> [Supplied data]:

□ □ □ □

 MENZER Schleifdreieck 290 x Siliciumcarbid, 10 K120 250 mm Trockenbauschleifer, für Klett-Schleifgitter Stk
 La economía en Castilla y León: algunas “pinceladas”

□ □ □ □

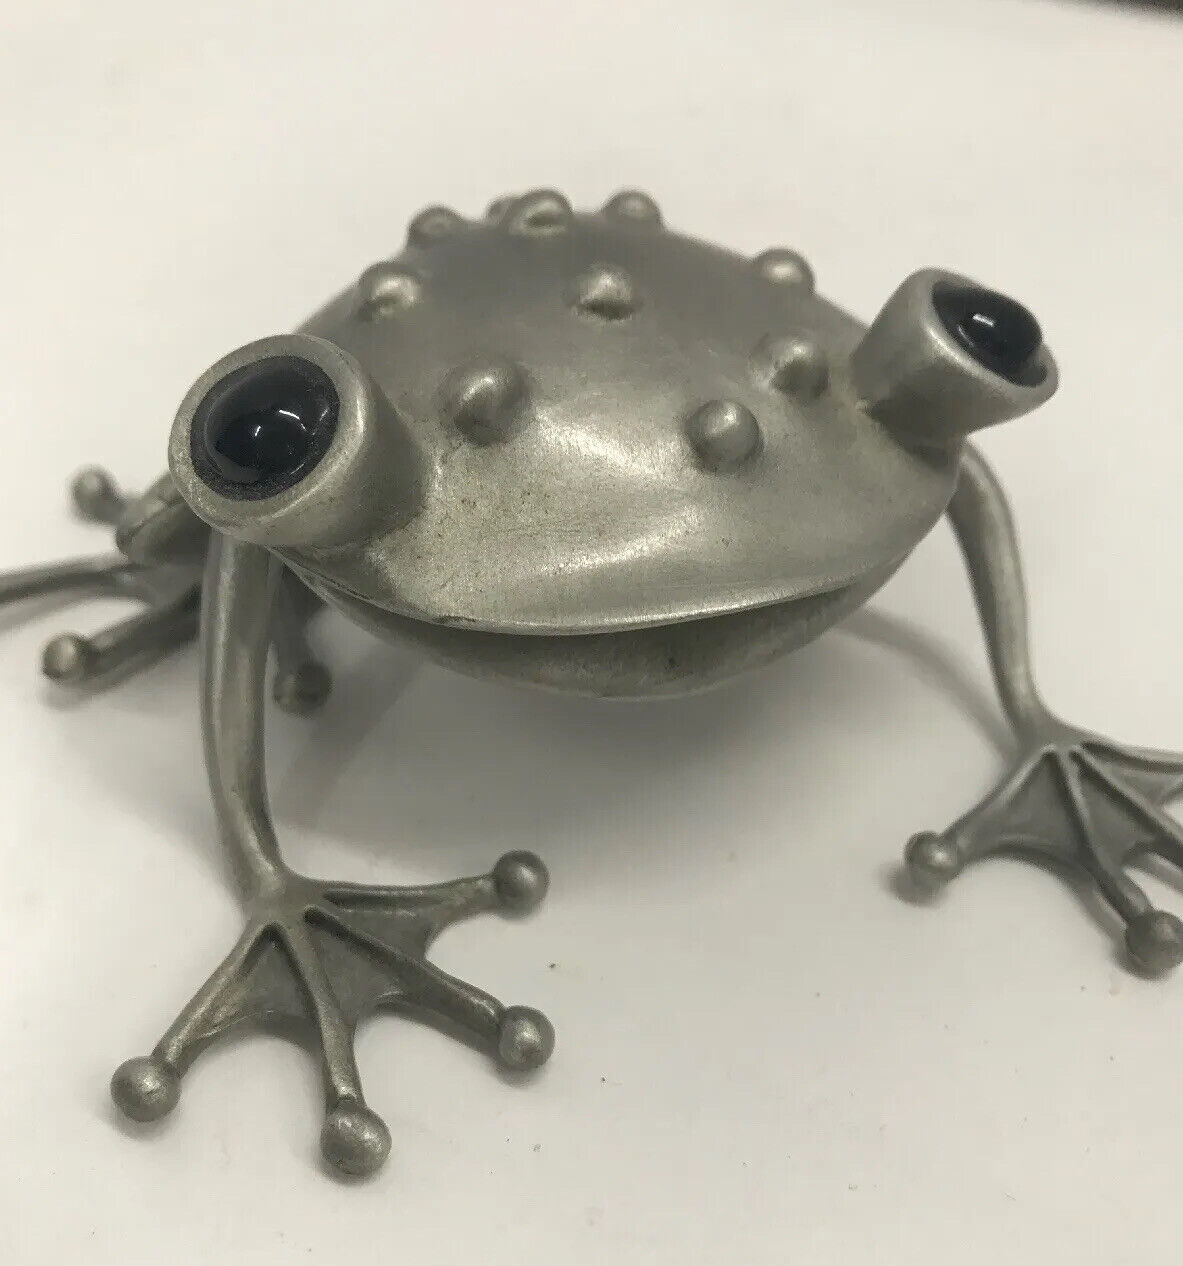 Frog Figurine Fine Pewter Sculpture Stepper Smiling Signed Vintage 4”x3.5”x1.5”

□ □ □ □

> [What you need to do]: Would you please copy exactly the part of the entries above that begins at the line containing "MENZER Schleifdreieck 290" and ends at the line containing "La economía en", both lines included?

> [Written answer]:
 MENZER Schleifdreieck 290 x Siliciumcarbid, 10 K120 250 mm Trockenbauschleifer, für Klett-Schleifgitter Stk
 La economía en Castilla y León: algunas “pinceladas”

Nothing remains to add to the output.